Bored and filled to the brim, I listened as the others began to discuss beancurd rolls. Beancurd rolls are egg-crust-like rolls often enjoyed in Suzhou; Mrs W, from a northern province, had naturally never tasted it. Again, communication became asymmetrical: Mrs W wanted to know what beancurd rolls were, but my grandmother, believing she was asking about the roll’s name, mistakenly called them “potatoes”, which my mother was about to correct when Mrs W decided that they were "potato rolls.” Immediately it dawned on me: in Mrs W’s world, my family is likewise a family full of stories. We come from a mysterious region that produced "potato rolls”; we are three females living in Athens while the males remained at home; naturally, we have an unusual family dynamic. When I want to express my inner thoughts to my mother, I exchange looks with her or touch her hand under the table—a relationship full of storytelling potential. How many mother-daughter relationships resemble our equal and intimate friendship?
Yes, our own stories inevitably seem dull to us, but they become colorful when brought up during someone else’s meal. Our lives are like the dishes of uncooked food prepared for a hotpot: to us, cooking entails a brief dip in boiled water, but to others, our meagre servings are placed in the large, elaborately-decorated dishes seen at Michelin restaurants, accompanied by a small inedible flower that conceals the answer to our life’s riddle.

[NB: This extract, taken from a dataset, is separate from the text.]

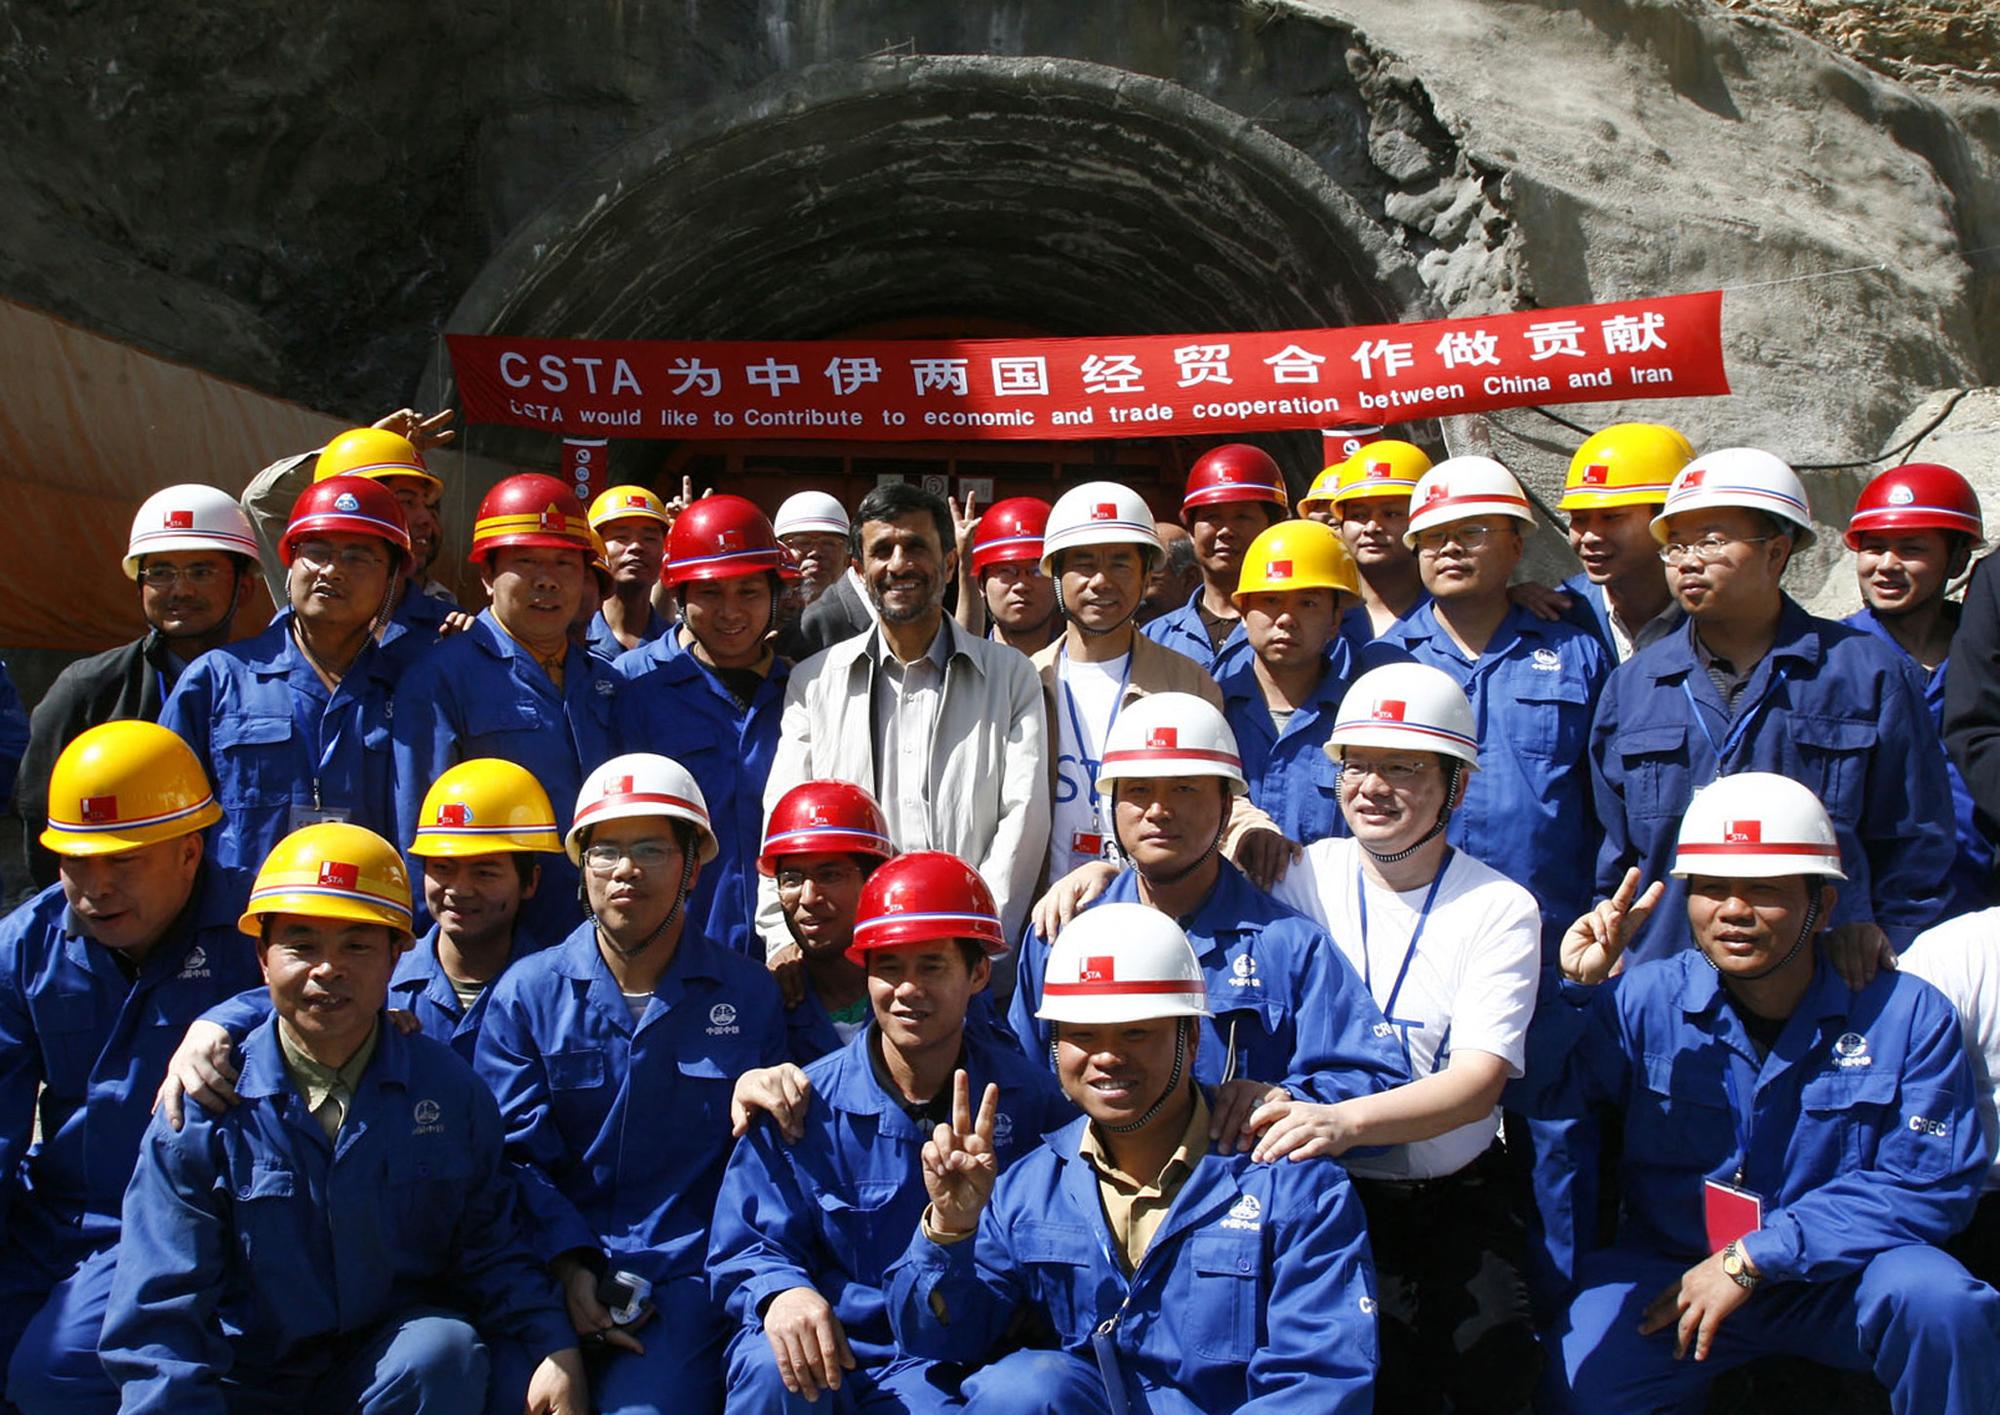 Le président iranien de l'époque Mahmoud Ahmadinejad pose pour une photo avec des ouvriers et des ingénieurs chinois à l'extérieur d'un tunnel sur la route entre Téhéran et Chalus, au nord-ouest de Téhéran, le 29 juin 2009, lors d'une visite d'inspection du projet "Autoroute du Nord". [afp - Amir Pourmand]

After dinner, I went upstairs and found that a friend in China could no longer wait for midnight—instead of sending New Year’s well-wishes at the stroke of Athenian midnight, he sent it at the Chinese stroke. When he said that he did not know how important New Year’s Eve was to me, I felt inexplicably touched. In a conversation earlier that day, we had reached the agreement that although on New Year’s Eve, elements of superficial ceremony outweighed its actual value, our commitment to friendship meant that we nevertheless chose to exchange well-wishes on this day.
Those who celebrate New Year’s Eve are unaware of its true significance and aware that it serves mostly as an occasion for the exchange of polite nonsense. Nevertheless, the desire to wish each other well is genuine. But as my friend said, well-wishes and blessings will not be the more special on account of this day; how we have always blessed each other is how we will continue to bless each other today. So let me include my well-wishes to all who have read thus far:
Excel at what you do, take choices into your own hands, and live the life you want, a life that has its vast possibilities expanded in front of you.
Dear readers, I am not wishing you well only on this day, but merely saying aloud what I have secretly wished for you every single day of the year.